Task: The reply should consist solely of the lines from the one with "Stakeholder strategie" through the final line of the listing, copied exactly, with no pictures.

Provided data:
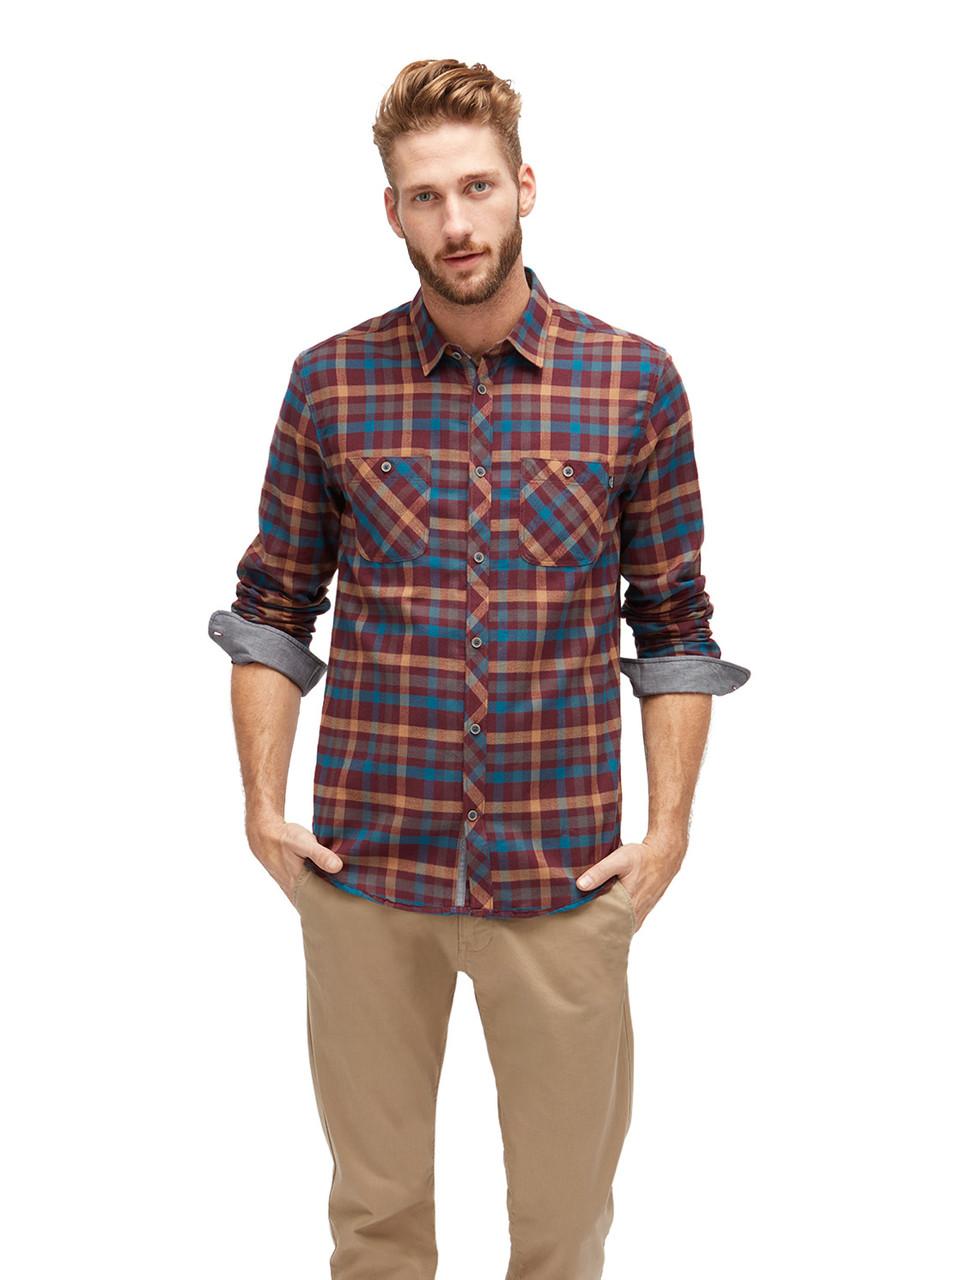 Рубашка Tom Tailor 203390300108 M Бордовый
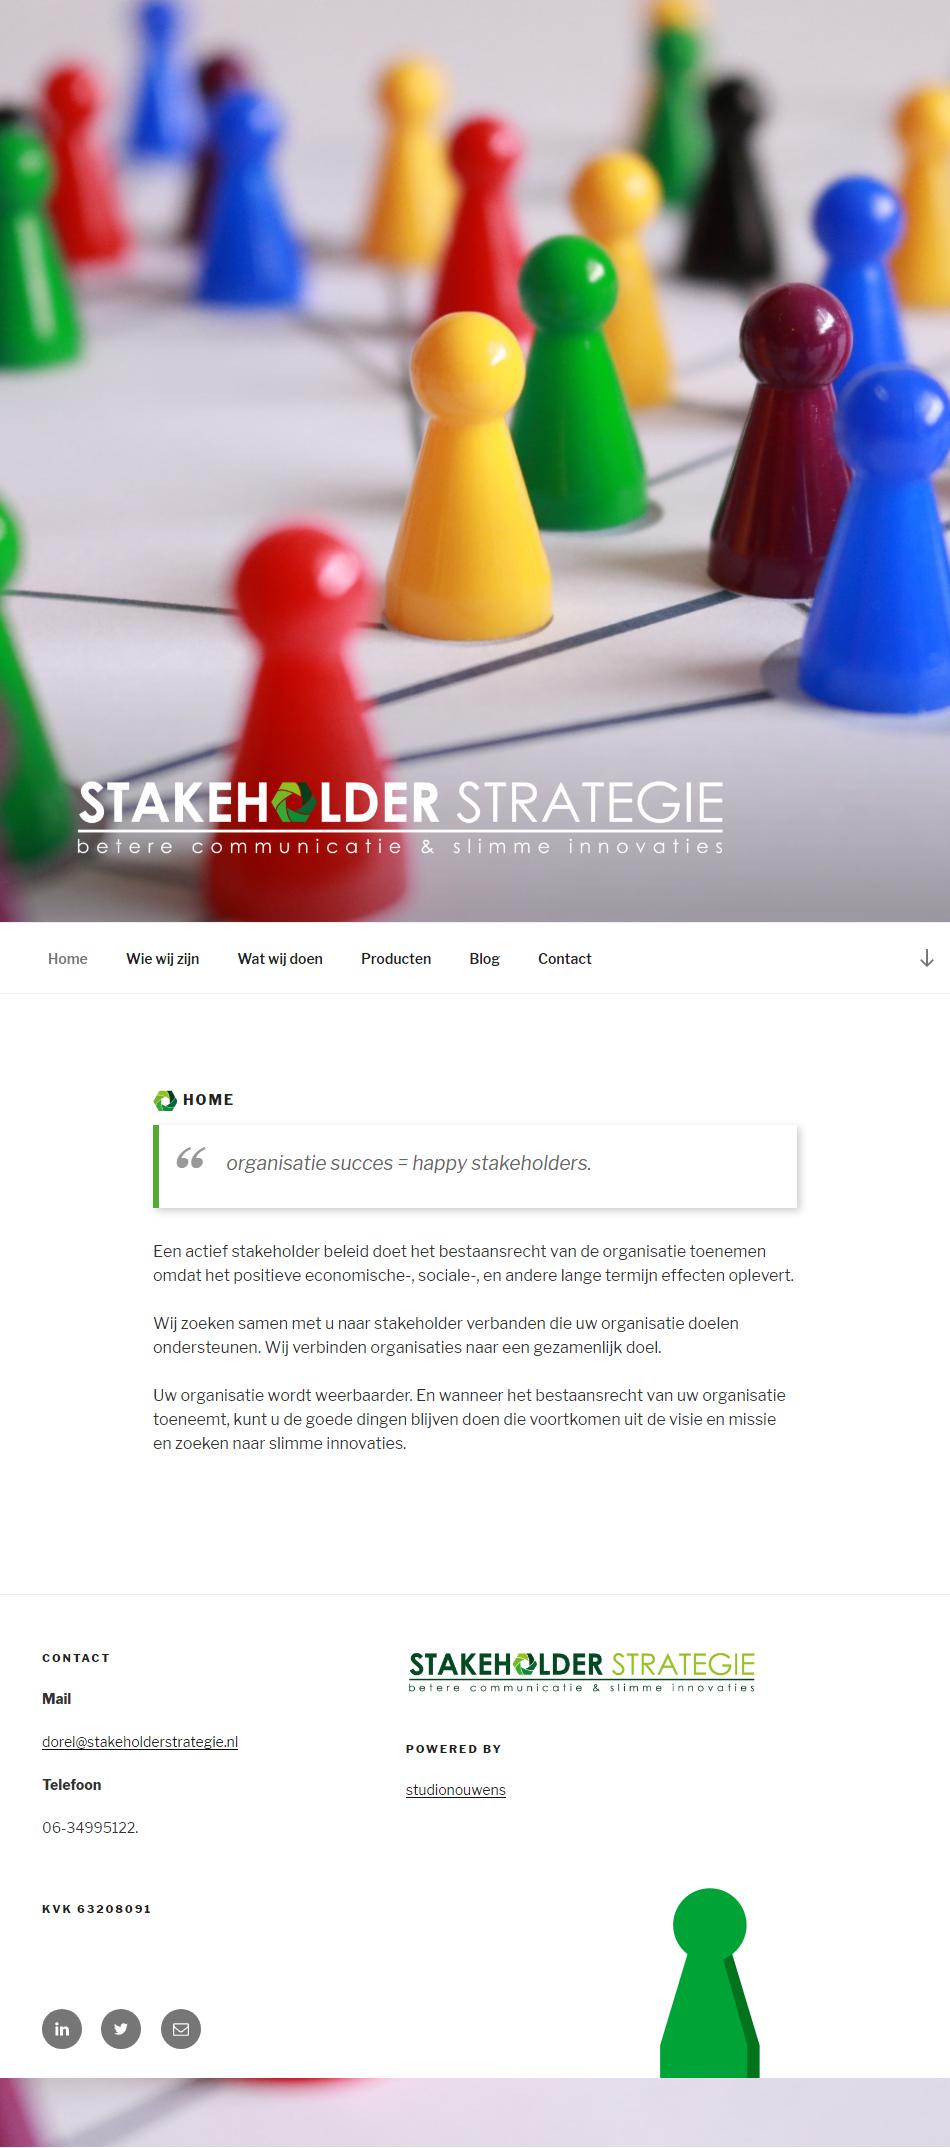 Stakeholder strategie
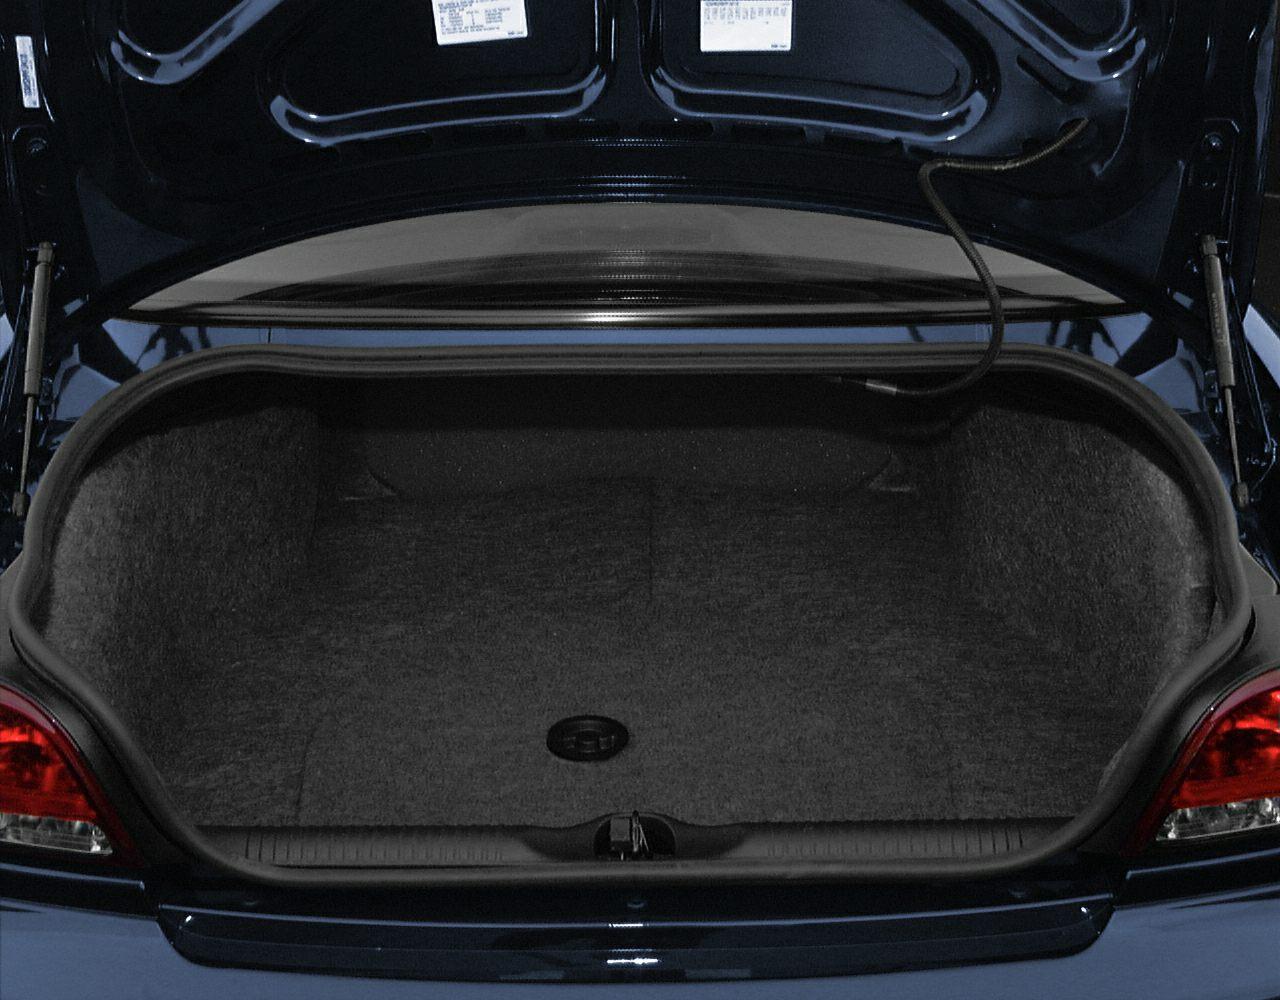 2000 Oldsmobile Intrigue Exterior Photo
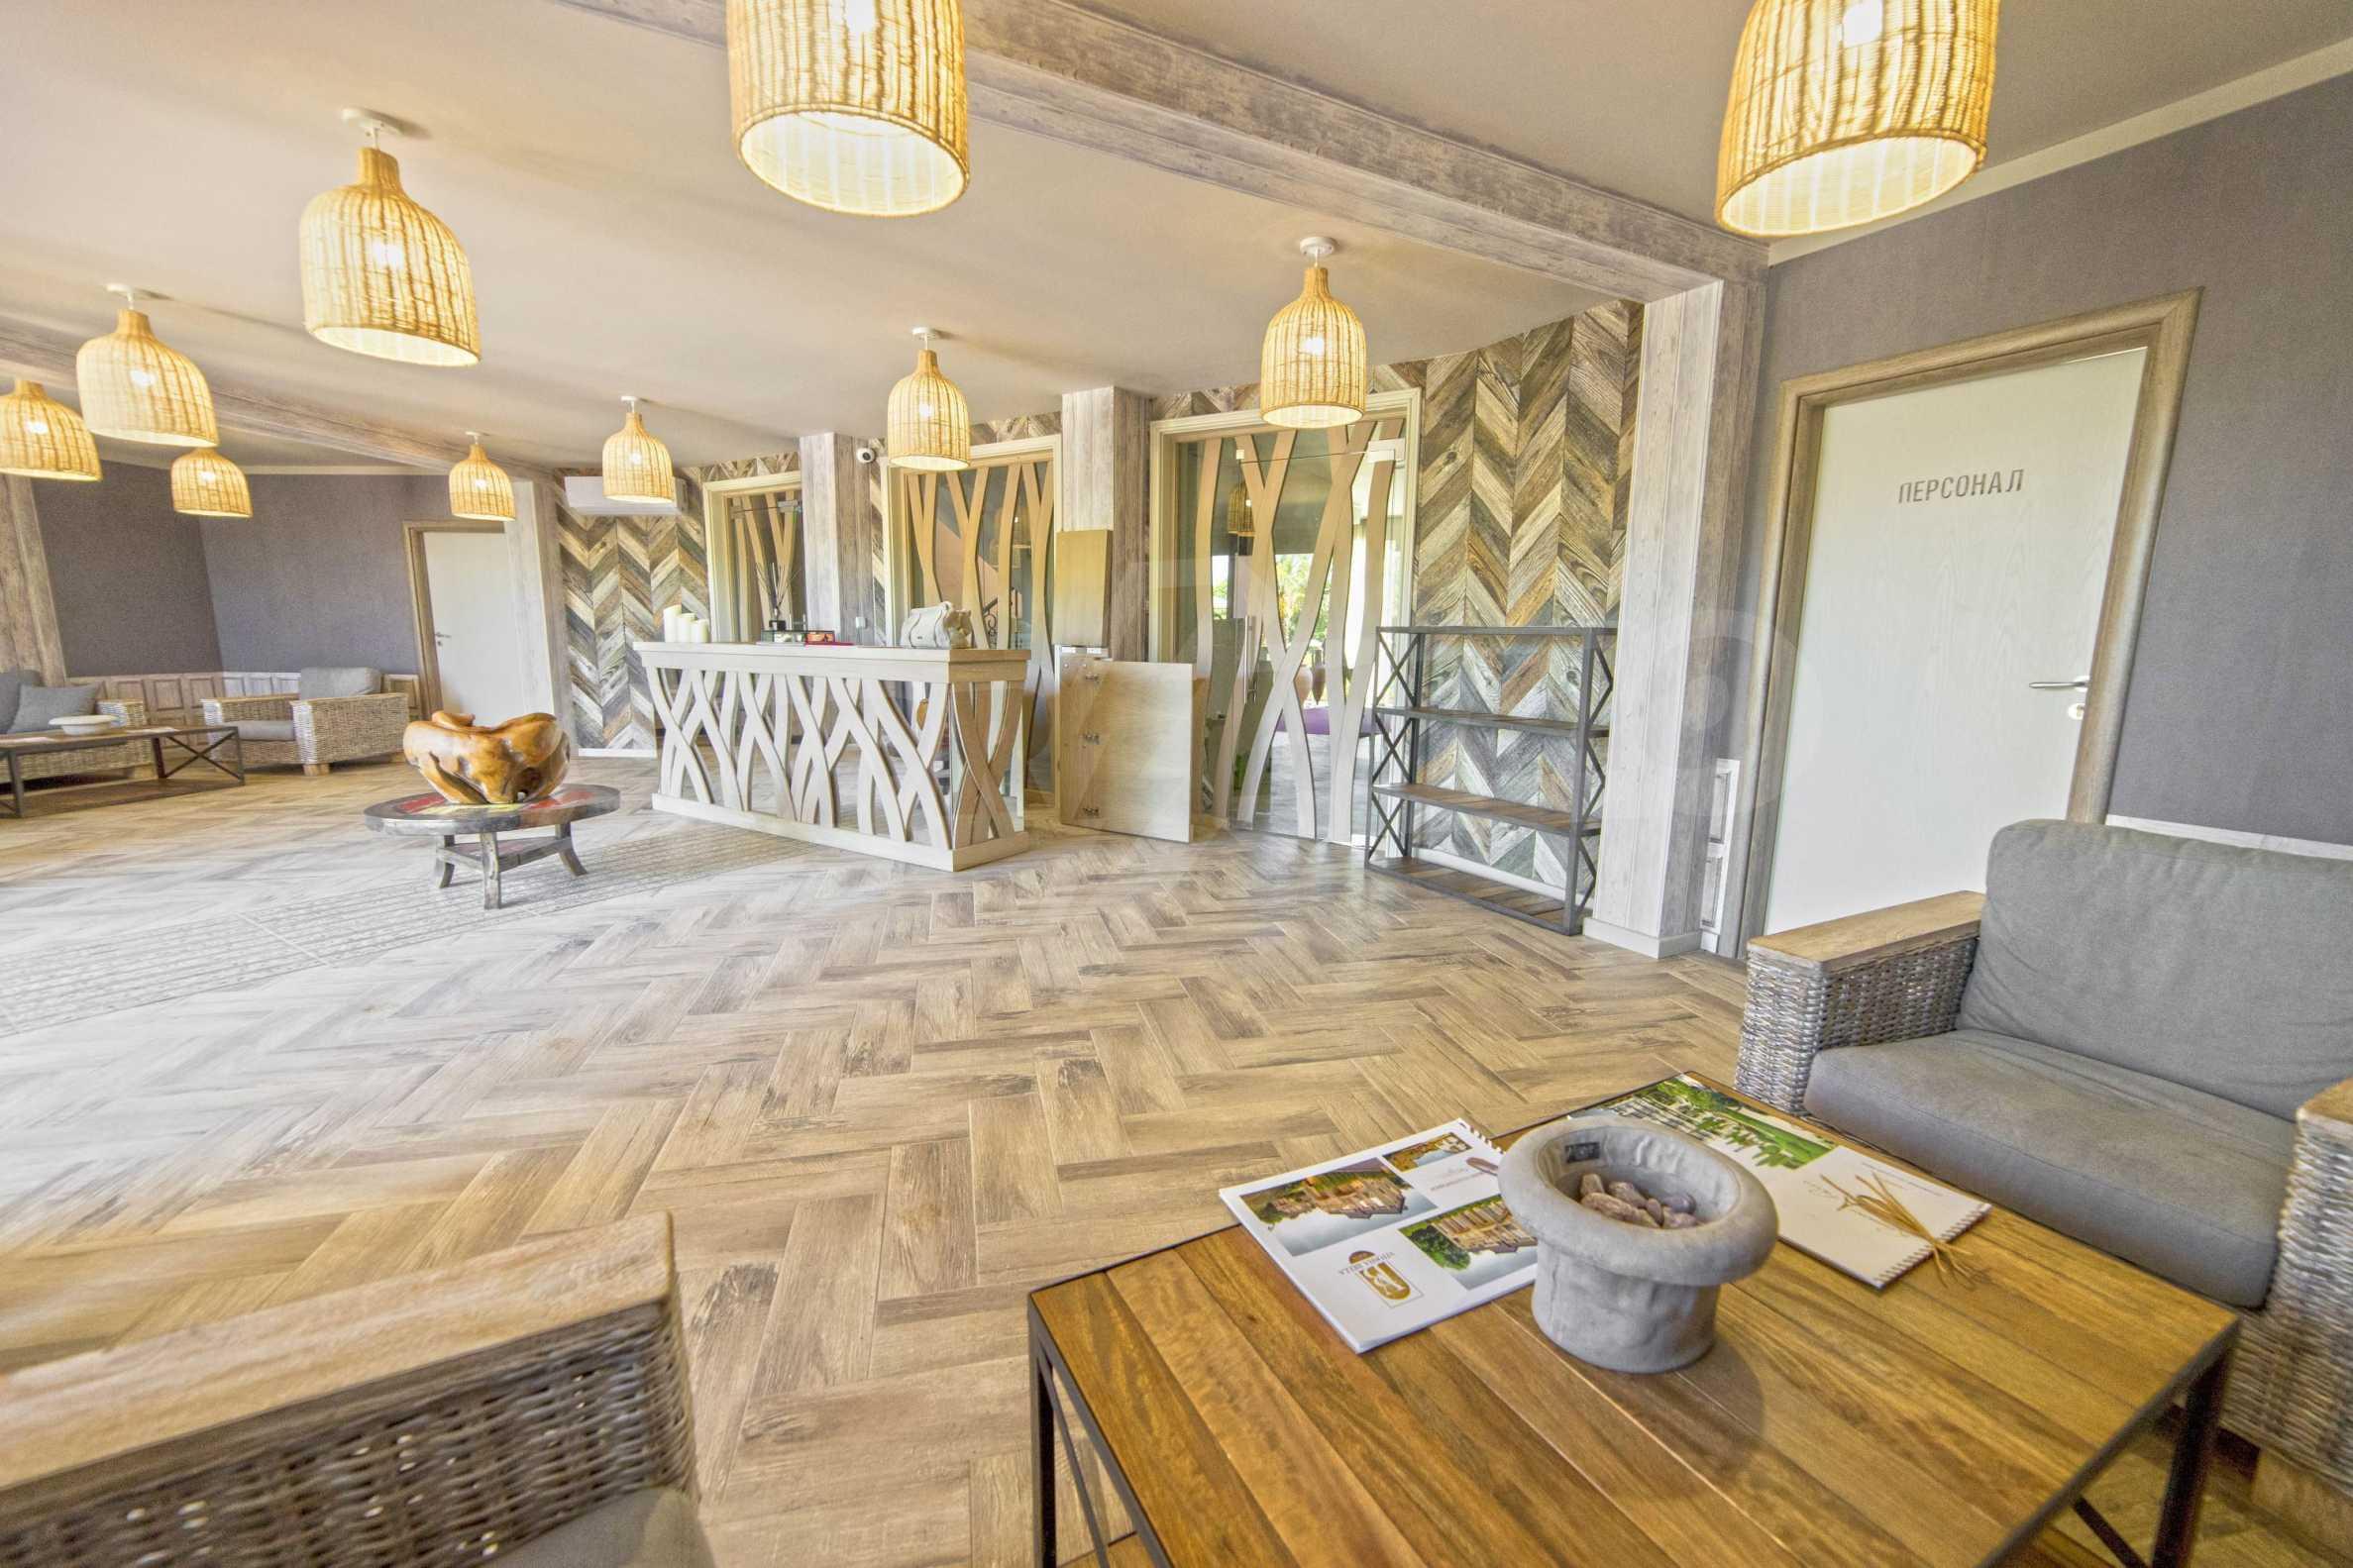 New 1-bedroom apartment in a coastal complex by the Kavatsite Beach (Sozopol) 26

Output:
 Stakeholder strategie
 2000 Oldsmobile Intrigue Exterior Photo
 New 1-bedroom apartment in a coastal complex by the Kavatsite Beach (Sozopol) 26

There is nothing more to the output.